*** Opening of Source material ***
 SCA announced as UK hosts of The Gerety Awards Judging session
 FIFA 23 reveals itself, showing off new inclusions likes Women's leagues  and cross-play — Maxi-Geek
*** Close of Source material ***
*** Opening of Source material ***
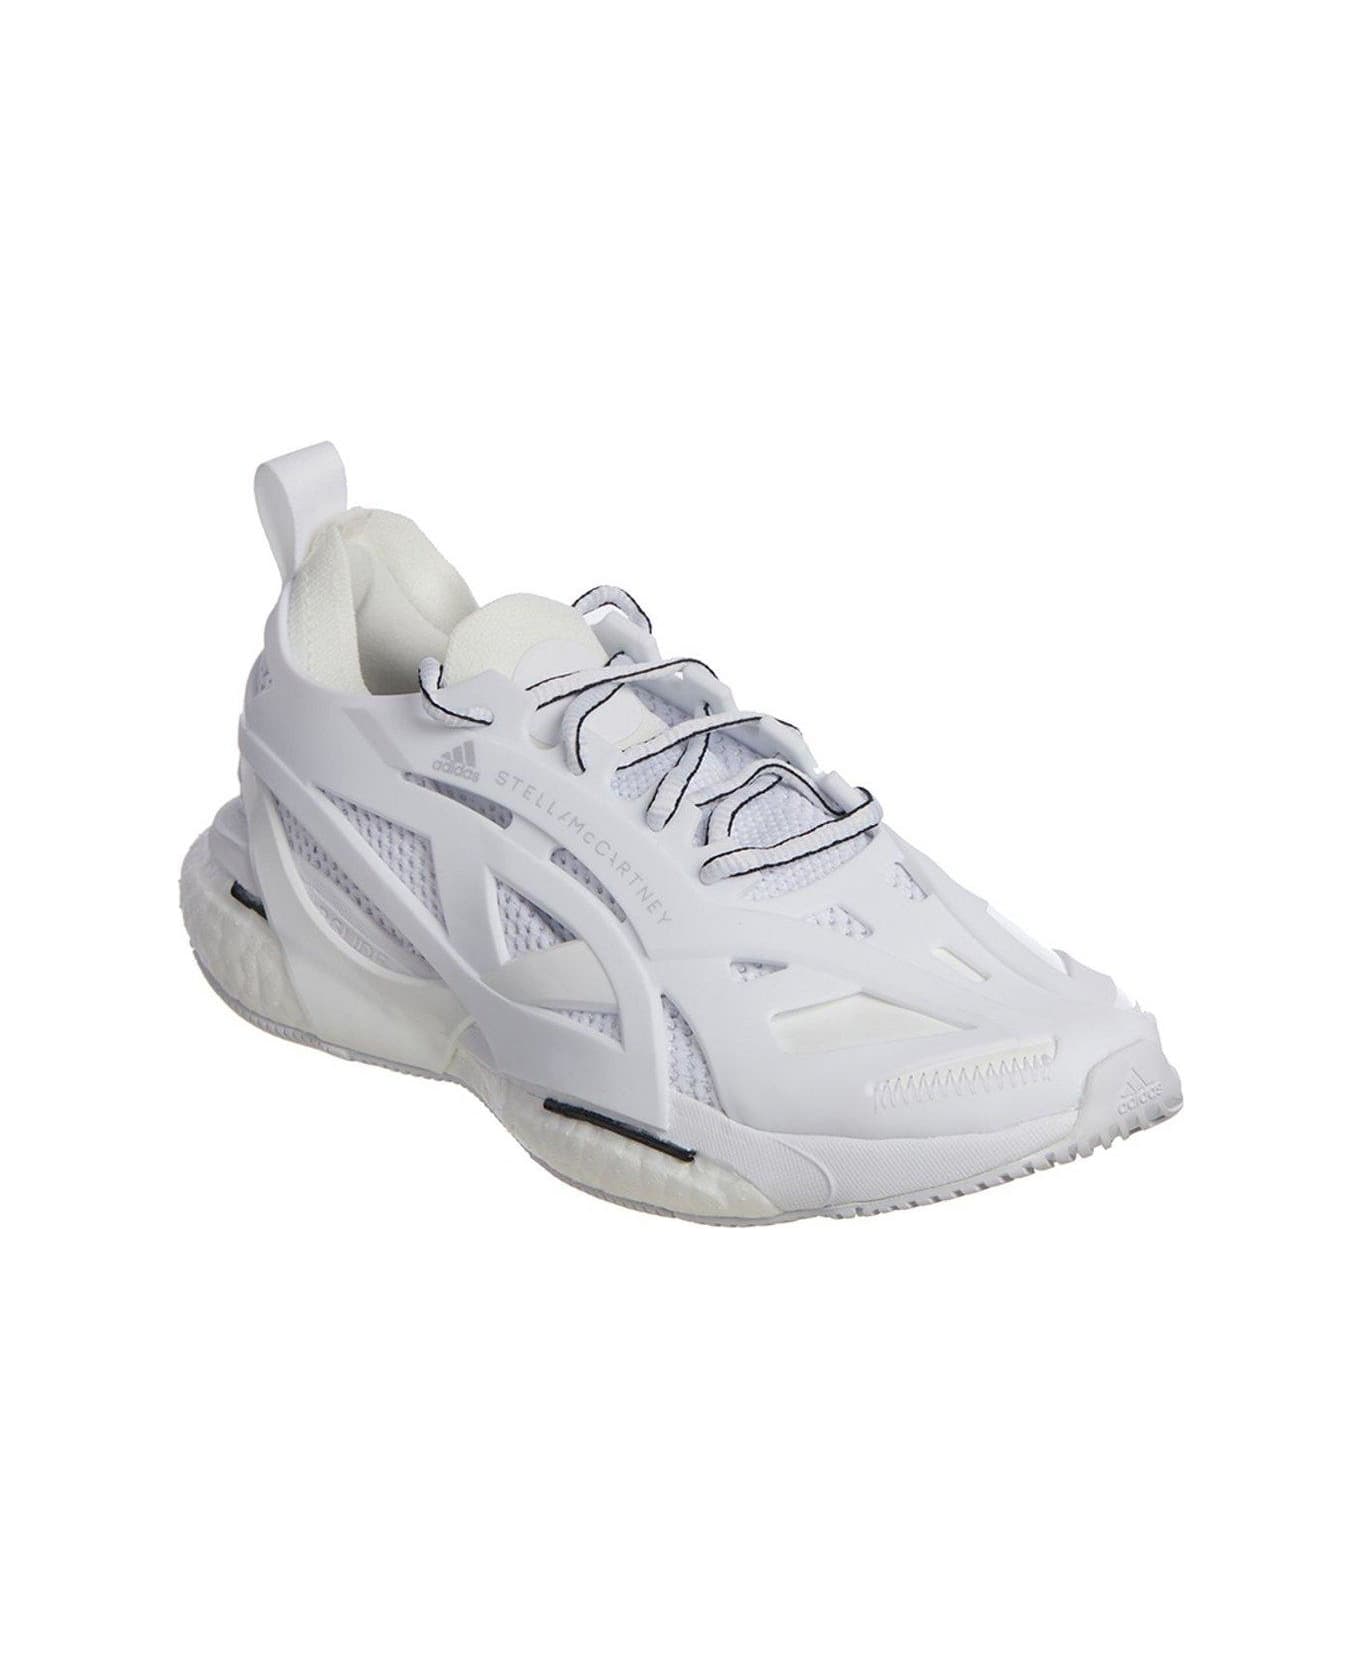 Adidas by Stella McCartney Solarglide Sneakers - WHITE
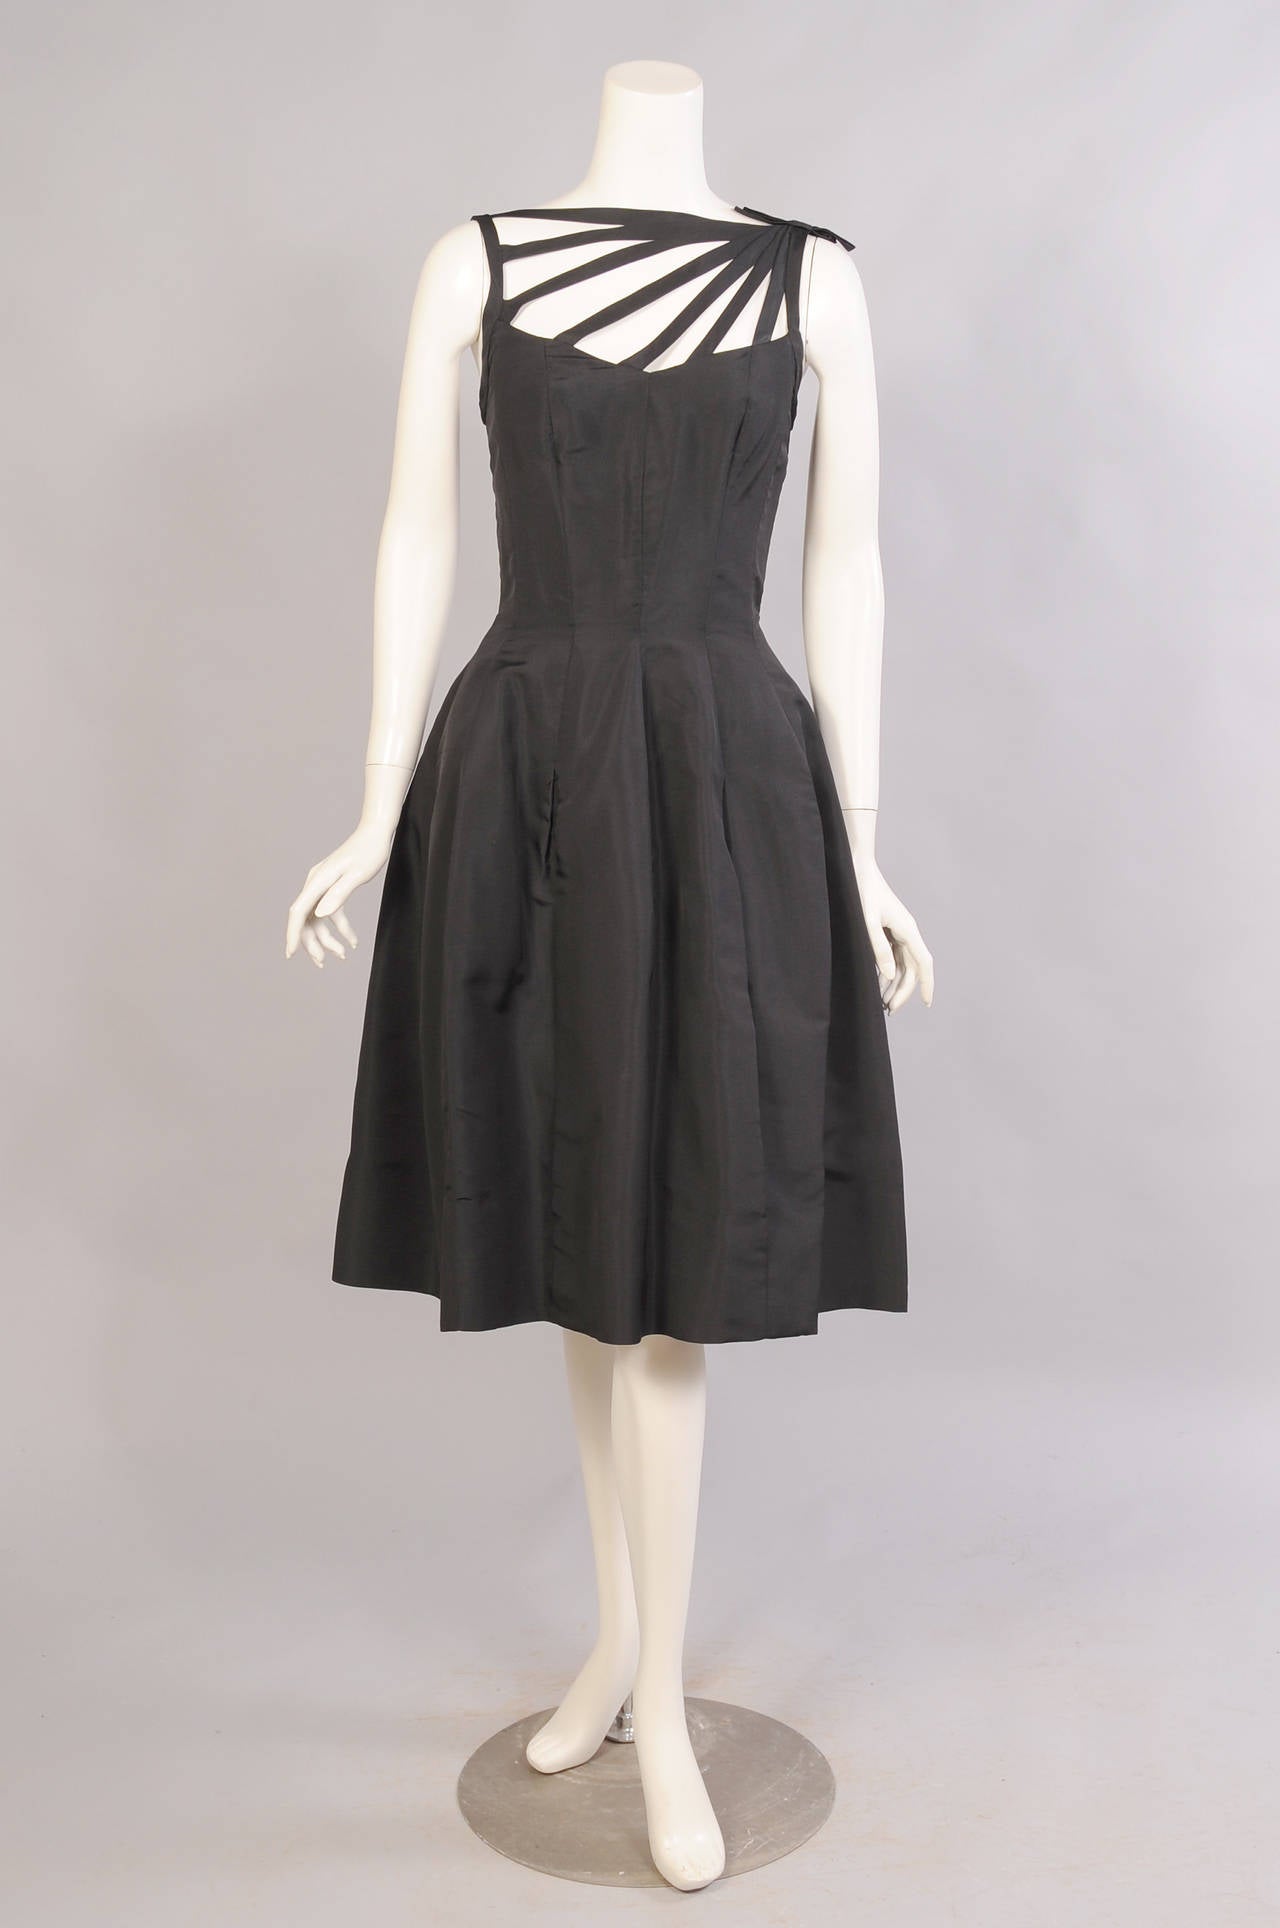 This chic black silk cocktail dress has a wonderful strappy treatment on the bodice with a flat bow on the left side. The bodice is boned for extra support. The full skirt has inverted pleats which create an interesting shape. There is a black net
*** Close of Source material ***
### Task item
Starting with the line that holds "SCA announced as" and ending with the line that holds "FIFA 23 reveals", retype every line in the data above exactly, and nothing else.

### Exercise solution
 SCA announced as UK hosts of The Gerety Awards Judging session
 FIFA 23 reveals itself, showing off new inclusions likes Women's leagues  and cross-play — Maxi-Geek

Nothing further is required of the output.